_What is expected_
Extract from the entries below, exactly as given, only the lines from the line containing "Holland Stock Photo" to the line containing "#BarbieForteza", both lines included.

_Material supplied_
==========
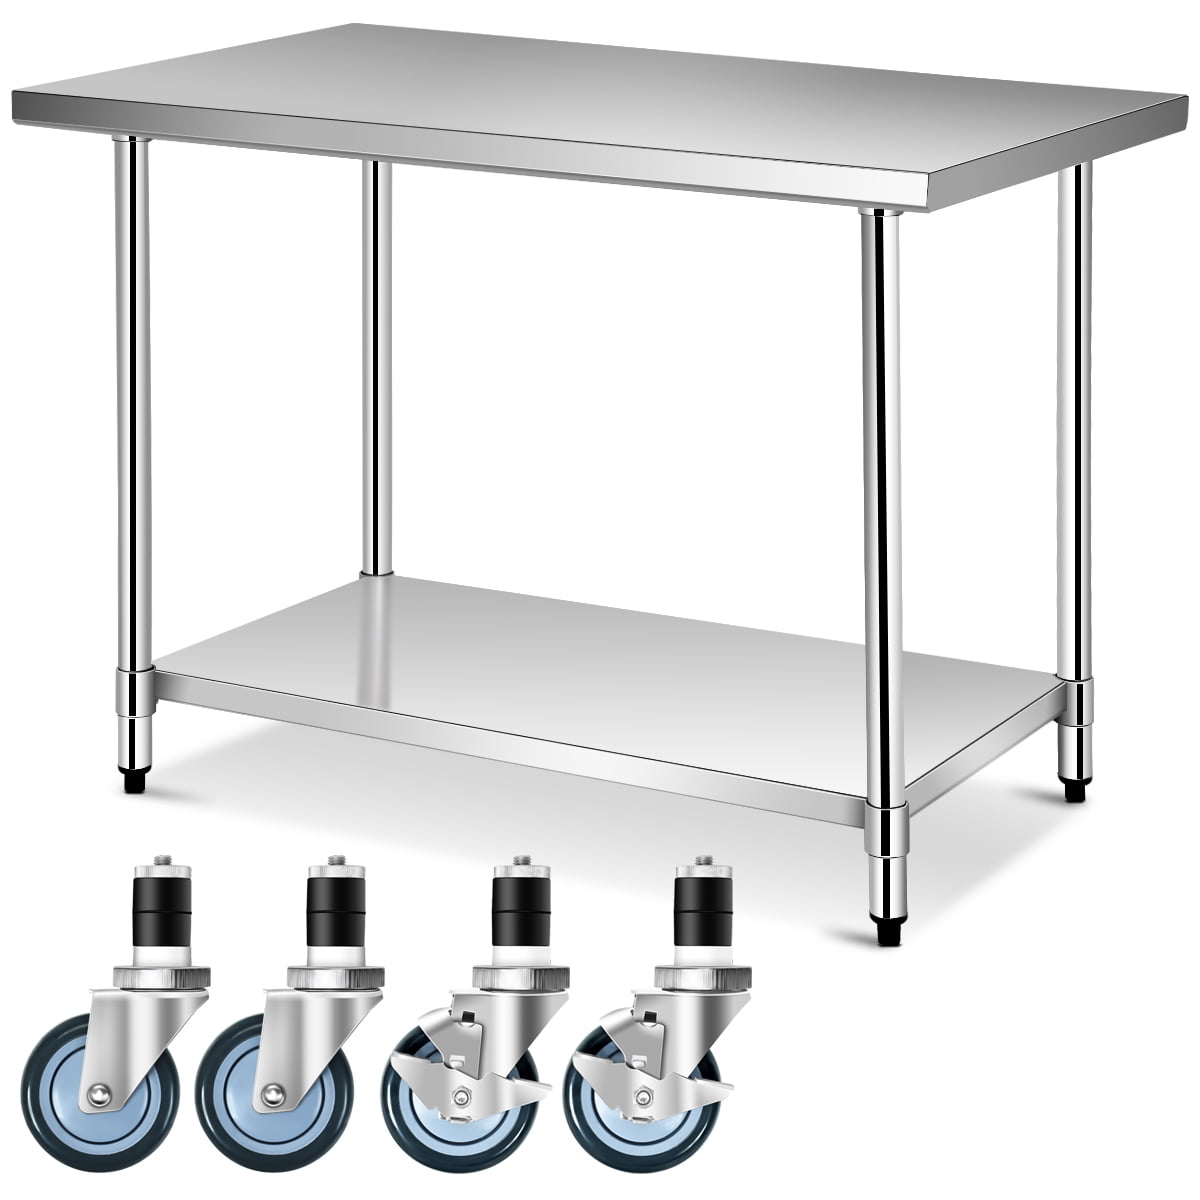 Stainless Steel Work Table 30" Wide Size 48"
==========
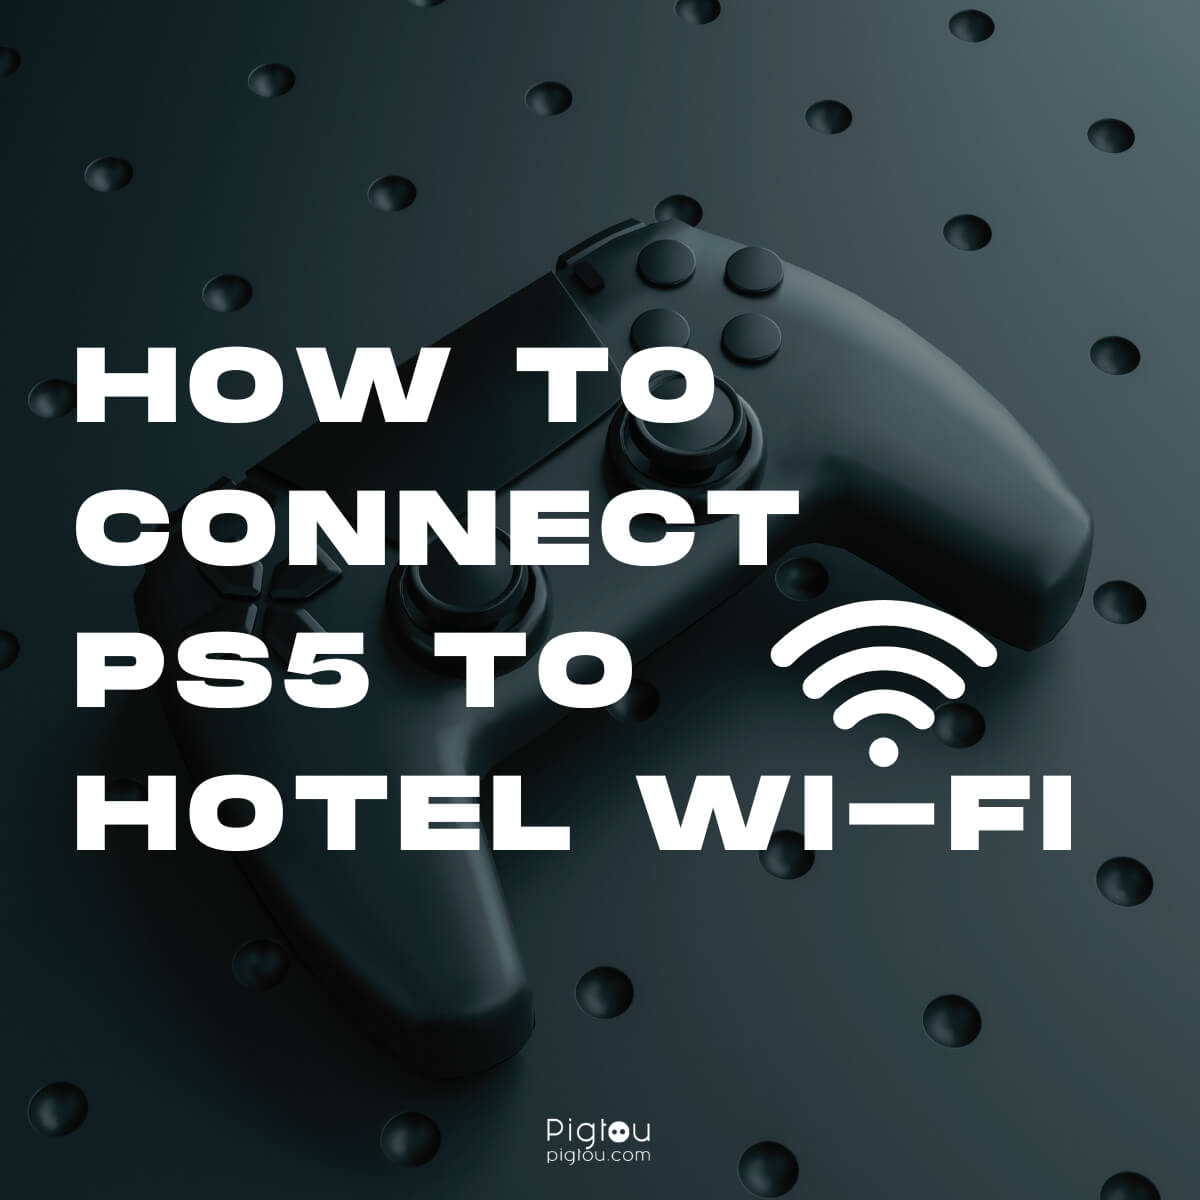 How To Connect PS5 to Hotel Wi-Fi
==========
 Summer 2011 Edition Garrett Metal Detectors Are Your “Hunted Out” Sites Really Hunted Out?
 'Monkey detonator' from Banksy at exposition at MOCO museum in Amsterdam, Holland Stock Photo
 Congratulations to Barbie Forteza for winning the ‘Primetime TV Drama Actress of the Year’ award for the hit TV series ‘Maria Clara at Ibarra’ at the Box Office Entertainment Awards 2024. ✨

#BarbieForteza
==========
_Answer box_
 'Monkey detonator' from Banksy at exposition at MOCO museum in Amsterdam, Holland Stock Photo
 Congratulations to Barbie Forteza for winning the ‘Primetime TV Drama Actress of the Year’ award for the hit TV series ‘Maria Clara at Ibarra’ at the Box Office Entertainment Awards 2024. ✨

#BarbieForteza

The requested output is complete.